Screen your pump and overflow inlets. Their curious hovering puts them right where tiny fish get into trouble.
What to feed them
They have pin-sized mouths and hunt tiny zooplankton. New arrivals often ignore flakes and big frozen foods, so start small and lively, then transition.
- Live foods to start: copepods, enriched newly hatched brine shrimp, live baby mysis (if you can get it)
- Frozen micro foods: cyclops, calanus, fish eggs, finely shaved mysis, lobster eggs, reef plankton
- Dry options: high-quality micro pellets can work once they recognize non-moving food
Feed small amounts 2-3 times a day. Target feeding with a pipette helps a ton. I switch off the flow for a few minutes, squirt a small cloud just above their hangout, and watch to make sure food is actually going in, not just floating past.

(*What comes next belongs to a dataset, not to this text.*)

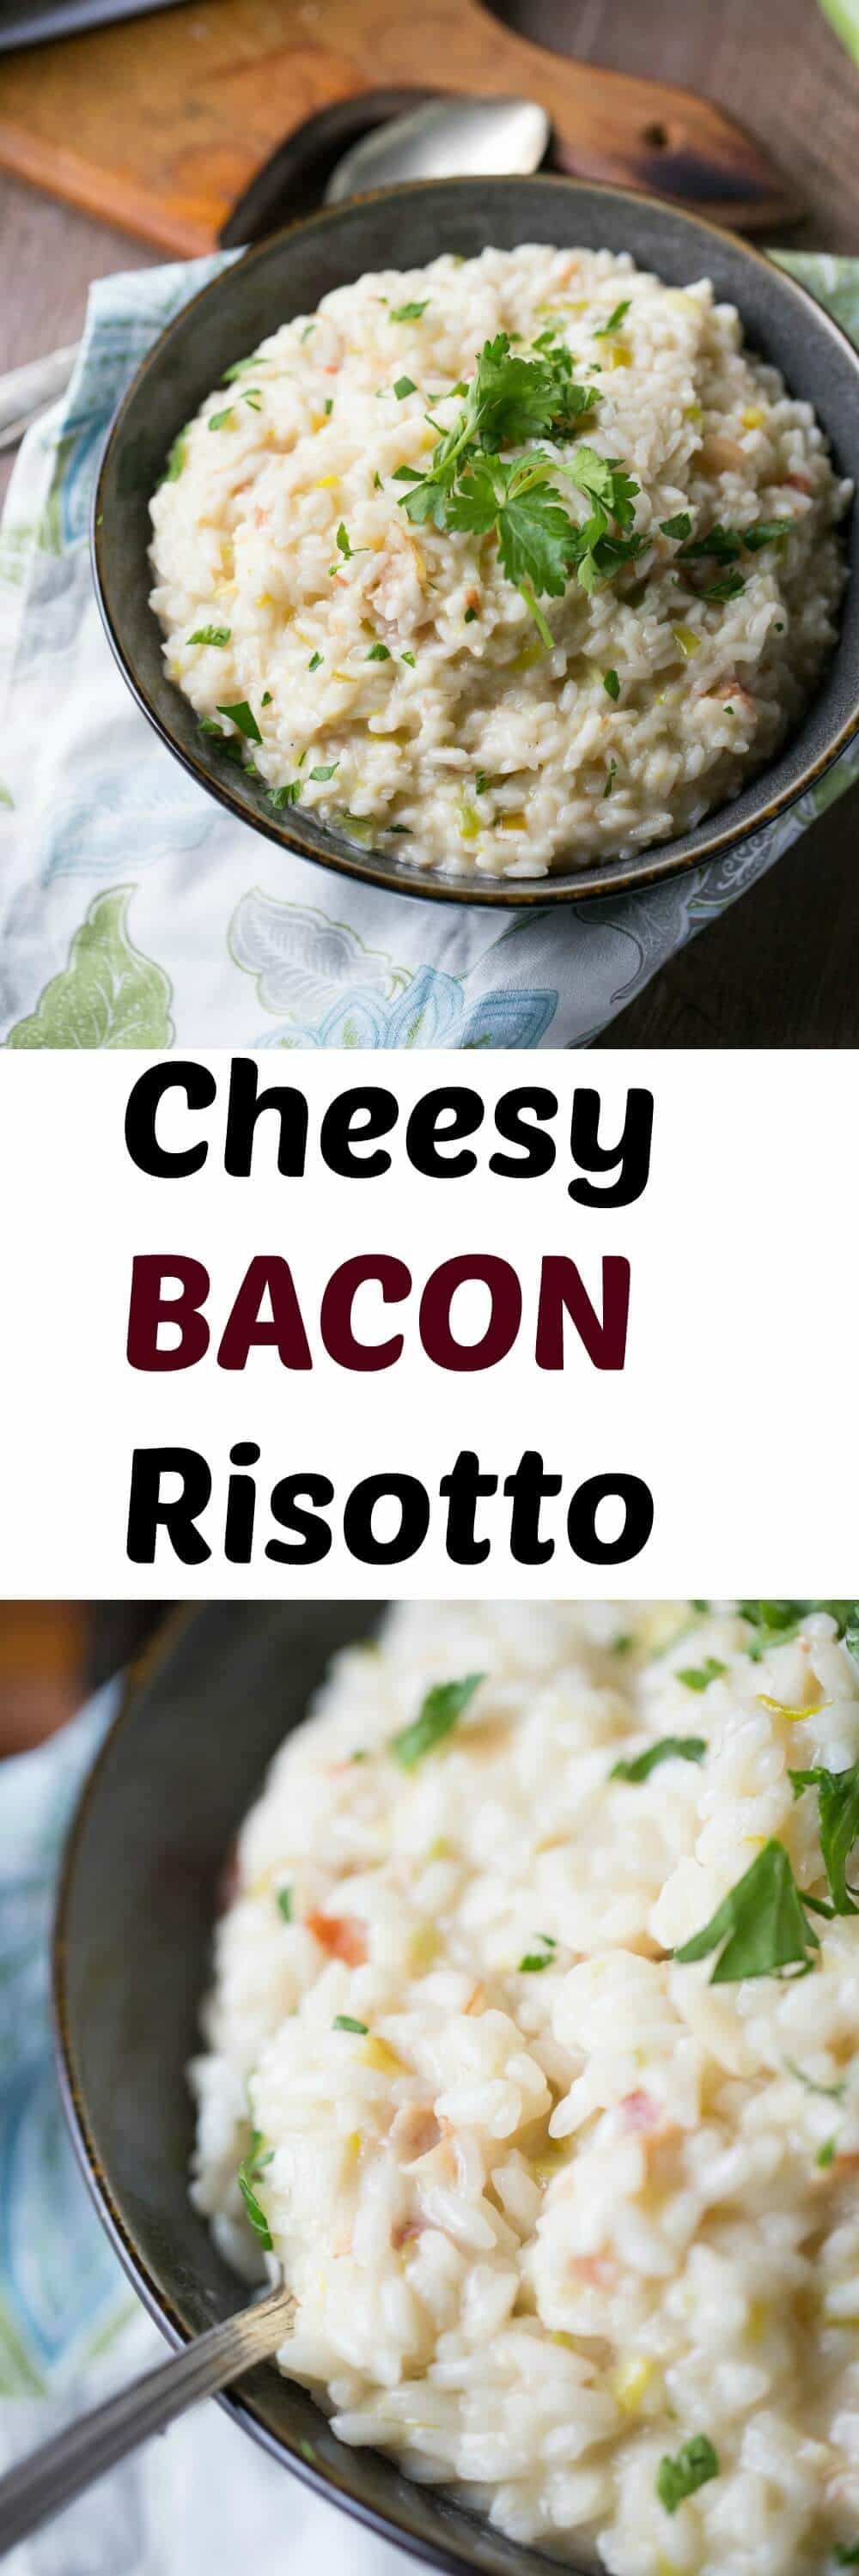 This bacon risotto is epic! This side dish with it's fresh leeks, salty bacon and creamy cheddar is an absolute dream!

Enrich baby brine with marine vitamins or algae paste for better nutrition. It makes a visible difference in body weight over the first two weeks.
How they behave and who they get along with
They hover a few inches above the substrate, pick at drifting specks, and perform quick dashes to cover. Shy at first, but once settled they keep a steady patrol. You can keep a single, a pair, or a small group if the tank has sight breaks.
- Peaceful neighbors: tiny gobies (neon, clown), small cardinalfish, pipefish and seahorses in species/nano setups, tailspot blennies, cleaner shrimp, snails
- Sketchy choices: mandarins and pipefish compete for the same pods in small tanks
- Avoid: hawkfish, dottybacks, larger wrasses, aggressive basslets, anything that sees them as a snack
They are jumpers. Any spook event can launch them. A proper lid saves heartbreak.
Breeding tips
They are cave spawners. A bonded pair will pick a small cavity, lay adhesive eggs, and the male usually does the guarding and fanning. You might notice the pair lingering in one hide and fending off nosy neighbors.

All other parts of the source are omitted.